On behalf of the Board of Inch Kenneth Kajang Rubber Public Limited Company, I present herewith the One Hundred and Tenth Annual Report and Financial Statements of the Company and the Group for the financial year ended 31 December 2019


The Board has proposed an interim dividend payout of 2% (0.2 pence or 1.06 sen per share on 378,675,000 ordinary shares) as part of our commitment to deliver shareholders value, with the total dividends under the single tier system.


During the financial year under review, the Group recorded a revenue of RM14.214 million and a loss after tax of RM6.910 million compared to a revenue of RM15.737 million and a post-tax loss of RM11.123 million for the previous year. The decrease in Group’s turnover by RM1.523 million is mainly due to the lower prices of the rubber blocks during the financial year under review.

The plantation division recorded a lower revenue at RM0.166 million (2018: RM0.171 million) due to the decline in yearly average price of crude palm oil (“CPO”) by about 5% to RM2,119 (2018: RM2,235). Revenue from the Group’s tourism division slightly decreased by 0.9% to RM11.220 million from RM11.318 million in 2018 due to lower average room rates achieved.

Included in the above results for the financial year under review was a share of loss after taxation of RM2.280 million versus a share of loss after taxation of RM1.822 million in 2018 from the Group’s associate - Concrete Engineering Products Berhad (“CEPCO”), a manufacturer and distributor of prestressed spun concrete piles and poles. The decreased sales volume is attributable to the general slowdown in the construction industry.

Overall, the total loss after taxation for the Group was lower in 2019, as we received additional compensation of RM3.8 million for an earlier acquisition by Lembaga Lebuhraya Malaysia.


As at 31 December 2019, the Company has 42,075,000 ordinary shares held as treasury shares and the issued and paid-up share capital of the Company remained at 420,750,000 0rdinary shares of £0.10.

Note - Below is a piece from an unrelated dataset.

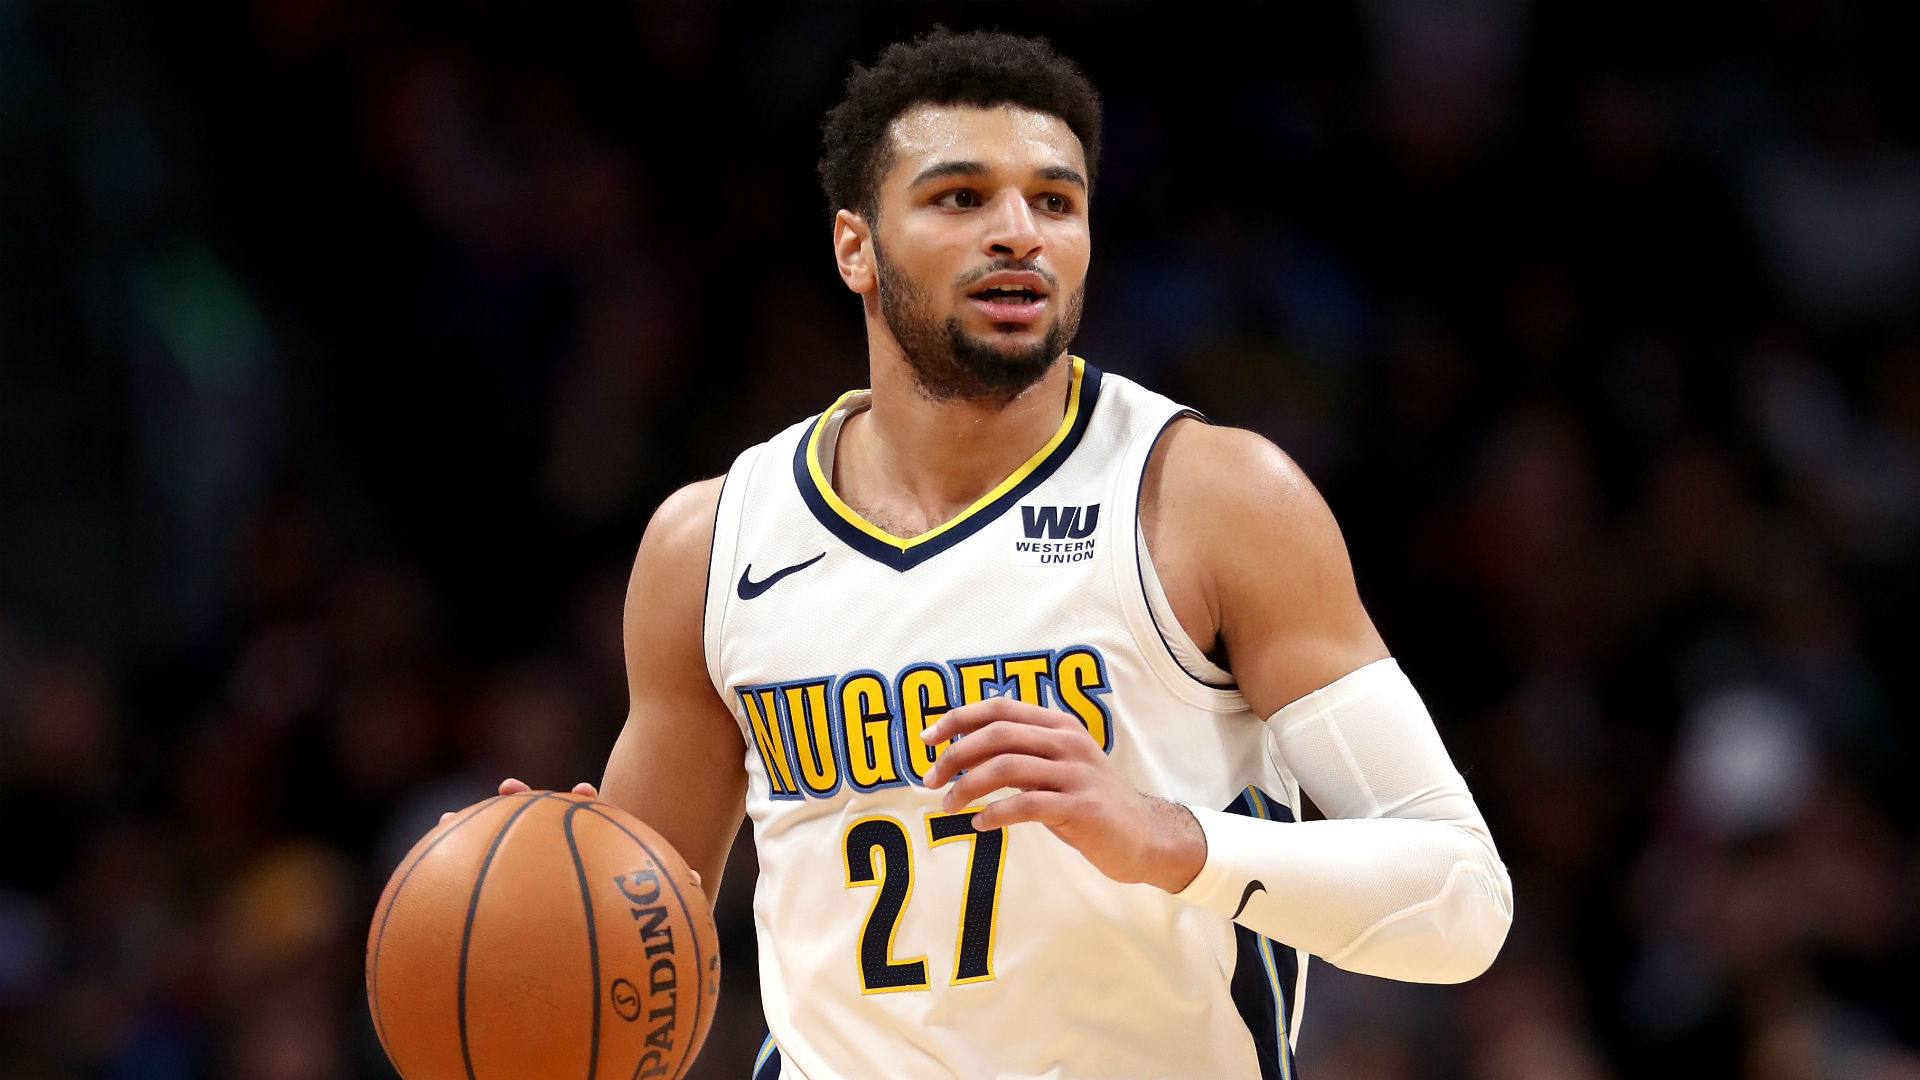 Jamal Murray 'From a small city in Canada' to one of NBA's top

The Master Plan to develop the land bank in Kajang, totalling approximately 140 hectares has been submitted to various agencies such as Lembaga Lebuhraya Malaysia, Jabatan Kerja Raya, Pejabat Tanah Daerah Hulu Langat and Tenaga Nasional Berhad for their final approval. We have also started the submission process to the One Stop Centre of Majlis Perbandaran Kajang.

Irrespective of any unfortunate circumstances, our Master Plan could get the final approval from Majlis Perbandaran Kajang towards the end of 2020. Once the approval is obtained, we will start the development of our commercial centre as this is expected to be the main catalyst for the overall development.

The tourism division performed well in 2019 in terms of revenue. However, due to the current Covid-19 outbreak, this division is not expected to do as well in 2020 as the overall travel industry is badly hit by the ongoing pandemic. The manufacturing division, however, is expected to remain at the same level. As such, we will take the necessary steps to reduce as many expenses as possible until the industry picks up again.

2020 will be a challenging year. We shall remain steadfast and committed to achieve our goals in the years to come.


On behalf of the Board, I wish to express my appreciation to all our customers, shareholders, business partners, bankers and government authorities for their continued support and encouragement during the year.

Special thanks go to the management and staff. Their invaluable efforts and firm dedication to the Group are truly appreciated. We are confident that success is in the pipeline.

I wish to offer my personal gratitude to my fellow Board members for their commitment and guidance.

I would also like to take this opportunity to welcome our newest Board member, Dato’ Mohamed Salleh bin Bajuri. His expertise, experience and vast knowledge in property, financial and corporate matters would be important assets for the Group’s future undertakings.